Computational Metagenomics
Thanks to modern sequencing technologies, huge amounts of DNA data can now be generated in a single experiment, making it possible to reconstruct genes and even entire genomes from environmental samples.
High-throughput sequencing in metagenomics
High-throughput sequencing plays a central role in metagenomics as it enables the analysis of microorganisms in a community without the need to isolate or culture them. In the past, the focus was on analyzing marker genes (e.g. 16S rDNA) to determine the composition of microbiomes and to observe changes over time or at different locations.
Challenges in genome reconstruction
New sequencing technologies make it possible to capture the functional potential of a microbial community. However, this requires a large amount of data and extensive computing power to assemble longer genome segments (contigs) from billions of smaller pieces of sequence. The complete reconstruction of the genomes of all members of a community down to species or subspecies level remains difficult. Often only fragments (contigs) can be reconstructed whose exact assignment to an organism remains unclear.

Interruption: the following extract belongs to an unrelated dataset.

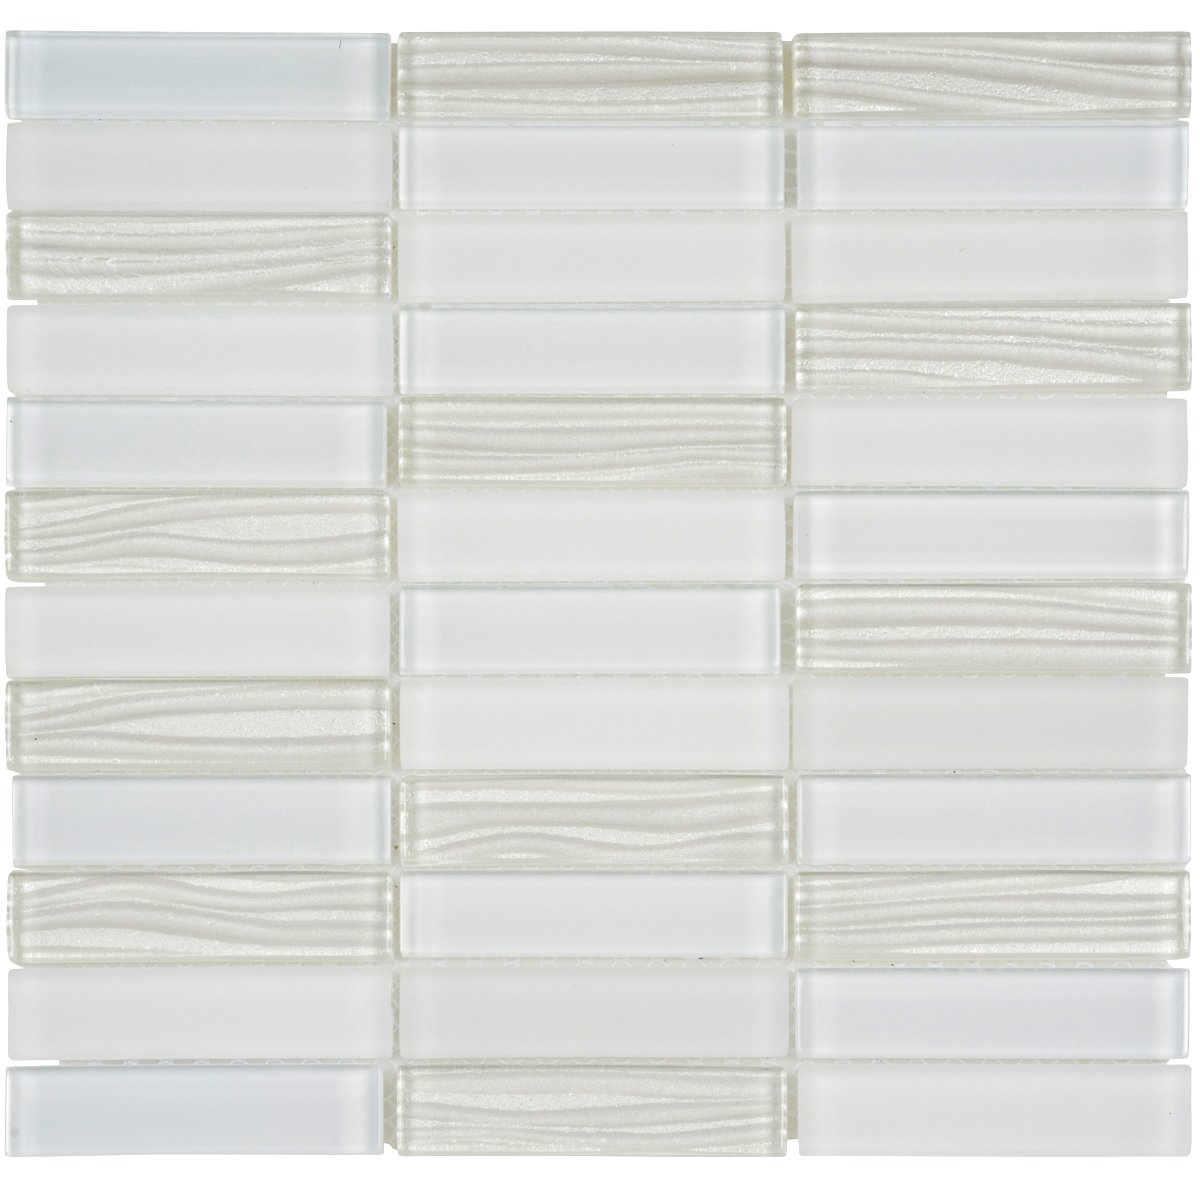 Modket TDH63MO Super White Crystal Glass Mosaic Tile, Wave Cold Spray, Matte Blend Stacked Pattern Backsplash

Especially in the case of very similar genomes, the current computer-aided methods for grouping (binning) fail. Despite these hurdles, metagenome studies are successful in identifying important genes and genomes.
Integration of omics technologies
By combining omics technologies, a deeper understanding of microbial communities can be gained. Metatranscriptome studies provide insights into the gene expression patterns of microbes. However, improved computational methods are still needed to compare the transcription rates of multiple organisms, as current algorithms are limited to single genomes.
Cloud-based analysis and web integration
Our research group develops cloud-based analysis workflows based on modular, containerized applications. The results are integrated into web-based systems to facilitate analysis for our biological project partners. NoSQL databases are used to efficiently store large amounts of data, while the Spark framework supports comparative analysis of thousands of published metagenome datasets. Fast access is provided via HTML5 web applications, as used in search engines.
New approaches to metagenome assembly
Despite the progress in assembling complex metagenomes, such as the bovine pancreas, there is still a need for specialized assemblers for metagenome data. Existing short-read assemblers have been developed for isolated genomes, whereas metagenome datasets pose new assembly challenges. Our group is therefore working on new tools and strategies to improve metagenome assembly.